We stood crammed together in darkness, hyperventilating in rhythm as if in some apocalyptic Lamaze class, living for the shrinking window between the contractions of blood-curdling roars and explosions. Generations of attacks had proven there was no stopping it. All we could do was wait, let it do what it wanted, ascend the mountains, and pray someone out there knew its weakness.

As a child I listened as it decimated our town through the night and well into midday. This attack didn’t even last the length of a sitcom. But it was long enough for me to wage war through the five stages of grief, with enough time left over to circle back to bargaining.

A lifeless silence descended over the town. That’s when the true terror began. We spun the lock, pushed the door open, and scattered in all directions to see what, if anything, was left of our lives. We were like children running down the stairs on a macabre Christmas morning, holding our breaths to see what was left for us. Of us.

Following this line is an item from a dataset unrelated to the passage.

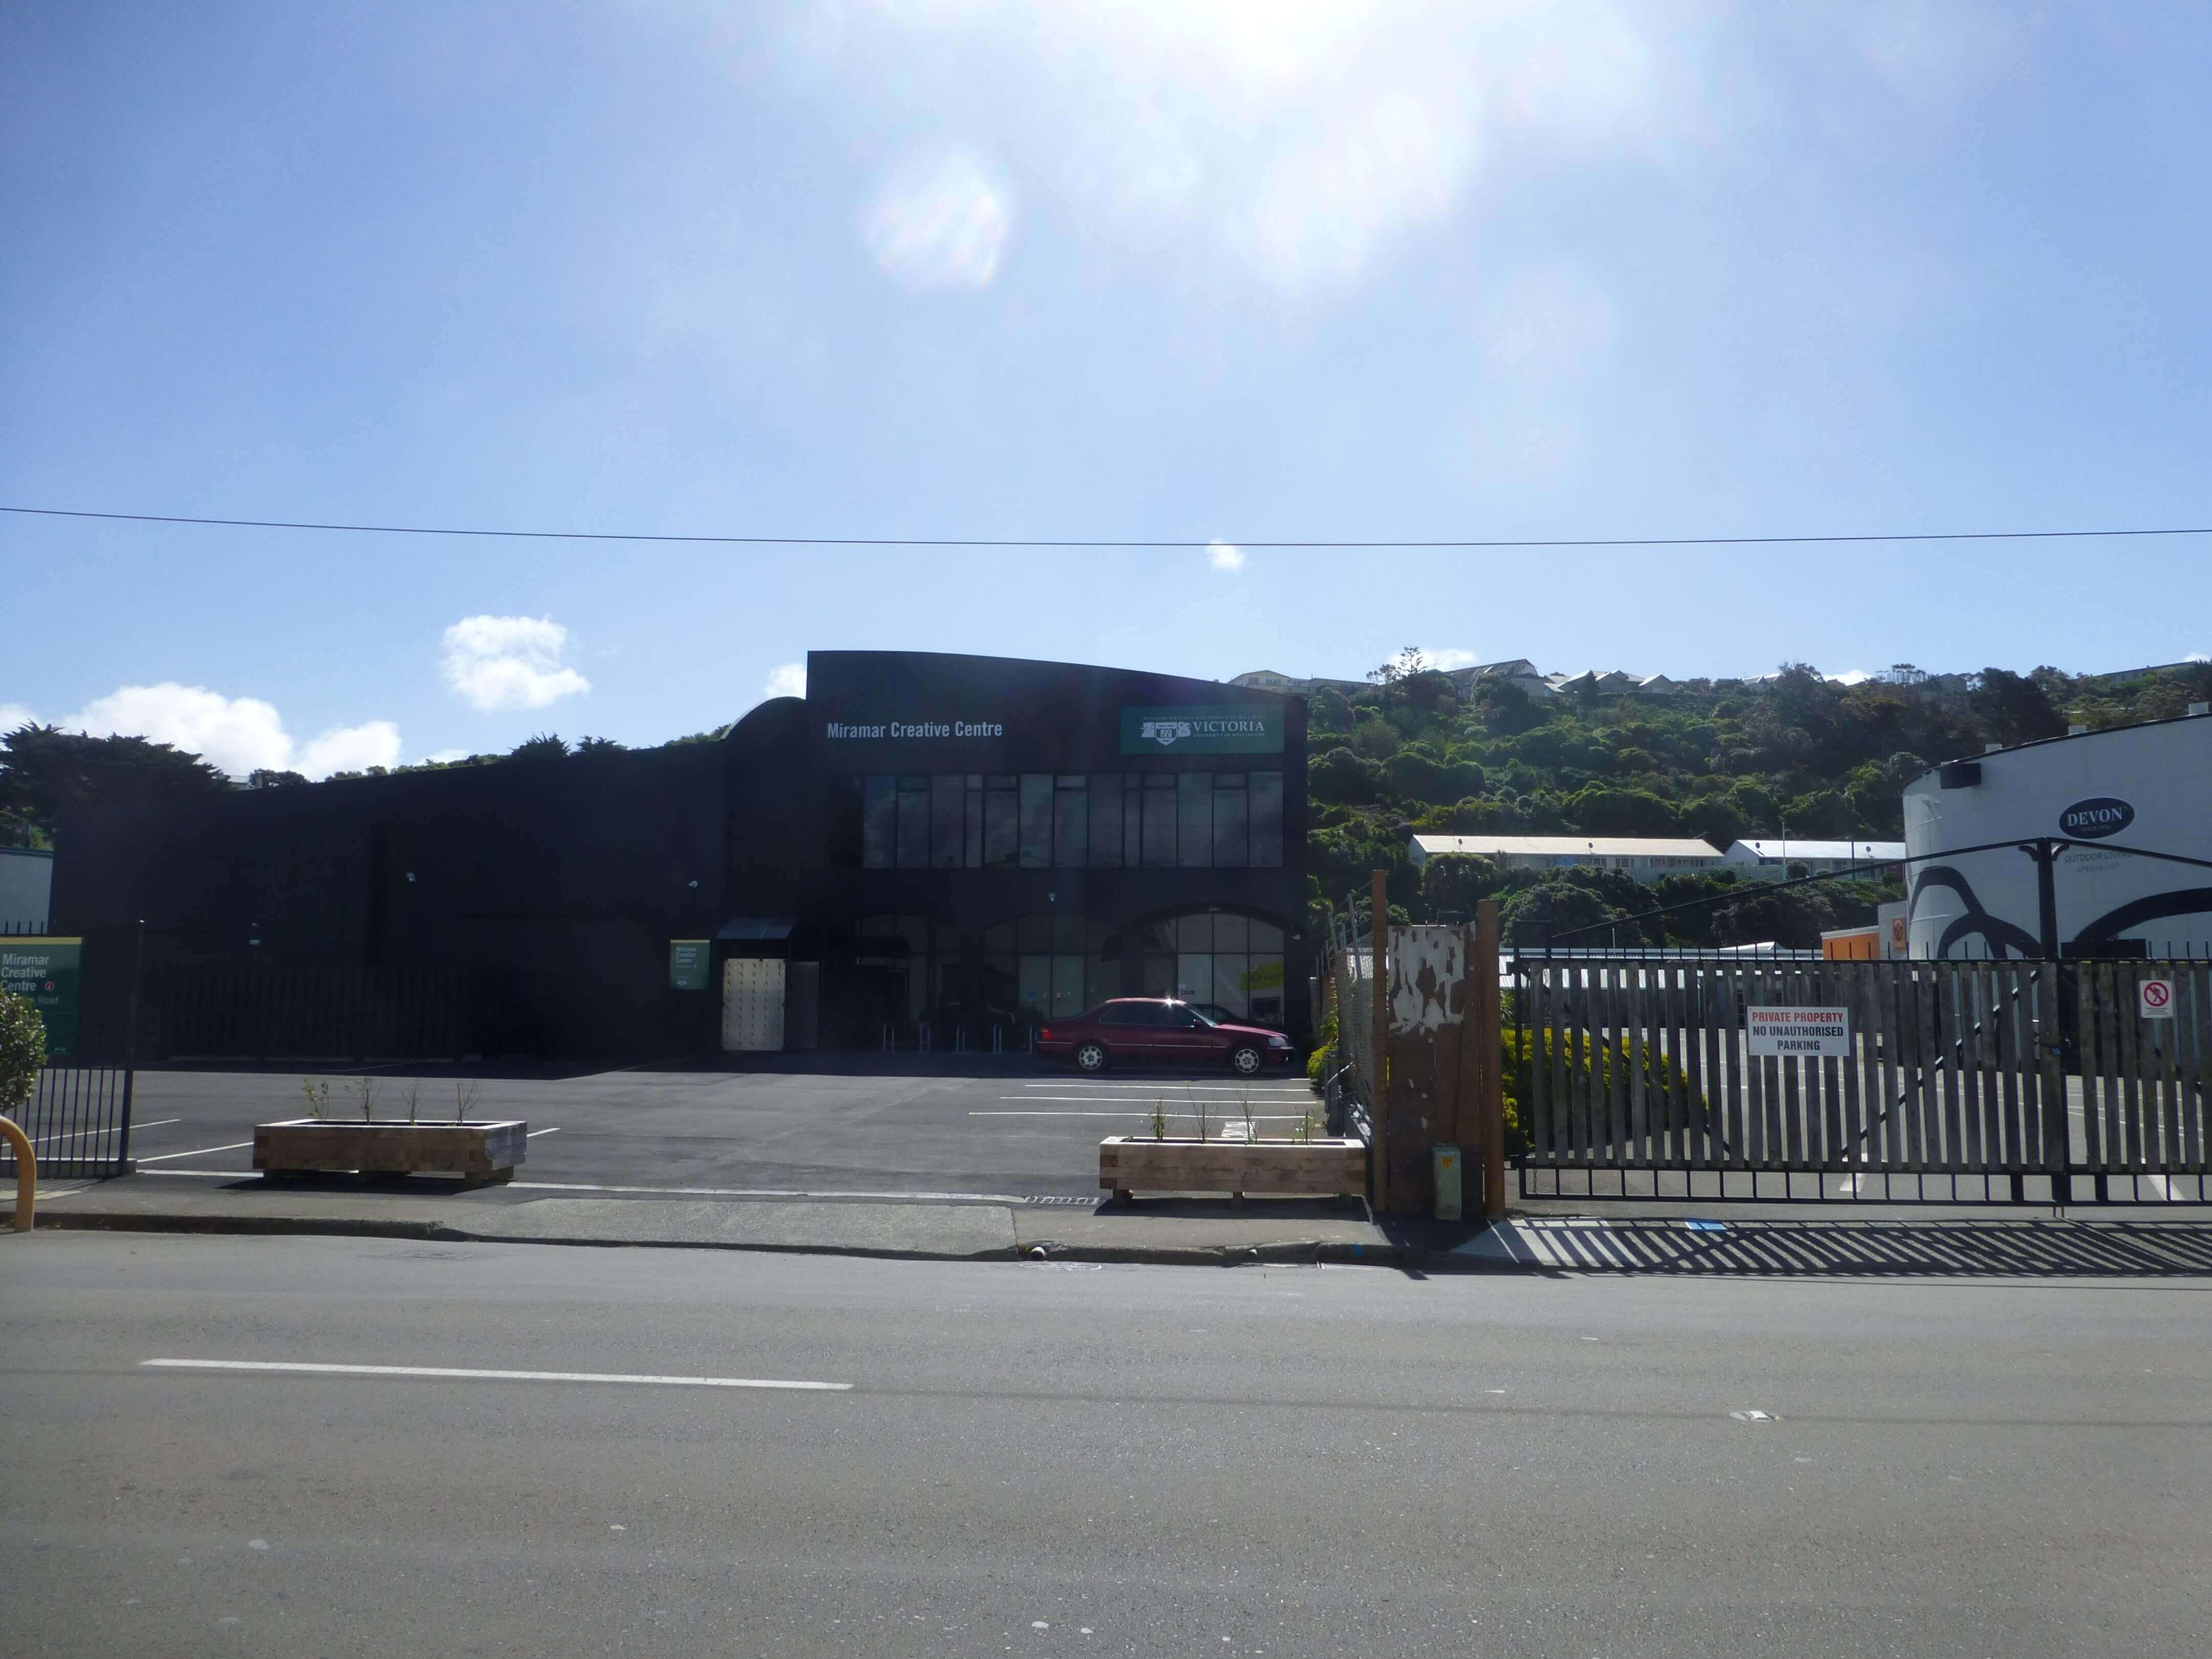 Wellington, in Miramar auf dem Weg zum Weta Shop, Weit-weg.reisen, 13

I found her curled up between the horns of the dead Furrefrux, on the pile of rubble where our neighbor’s shed once stood. She was sound asleep without a single scratch, and covered in its blood. Our house and every other on our side of the street was now a landfill of keepsakes and bodies, while the houses across were untouched. Our neighborhood, our town, was like a half-mowed lawn. Its destruction interrupted. Somehow stopped.

I slid down next to her, my back against its prickly fur, as ambulances and first responders began their rescues. I watched her cuddle a pulled fang as if it were a teddy bear, with tufts of fur fighting for space amongst dried Play-Doh under her tiny fingernails.

In the years since, she’s become more of an urban legend than those furry fucks. Sorry, I said its name too slow. Kids whisper stories of her as she passes, while braver ones come up and ask her how she stopped that thing, hoping for a new answer. But she always disappoints, reciting the same story: she dreamt of floating in space and a shooting star flying right at her. But just as it was about to consume her, she abruptly woke atop a mound of conquered fur.


Then she smiles, like her body remembers something her mind doesn’t.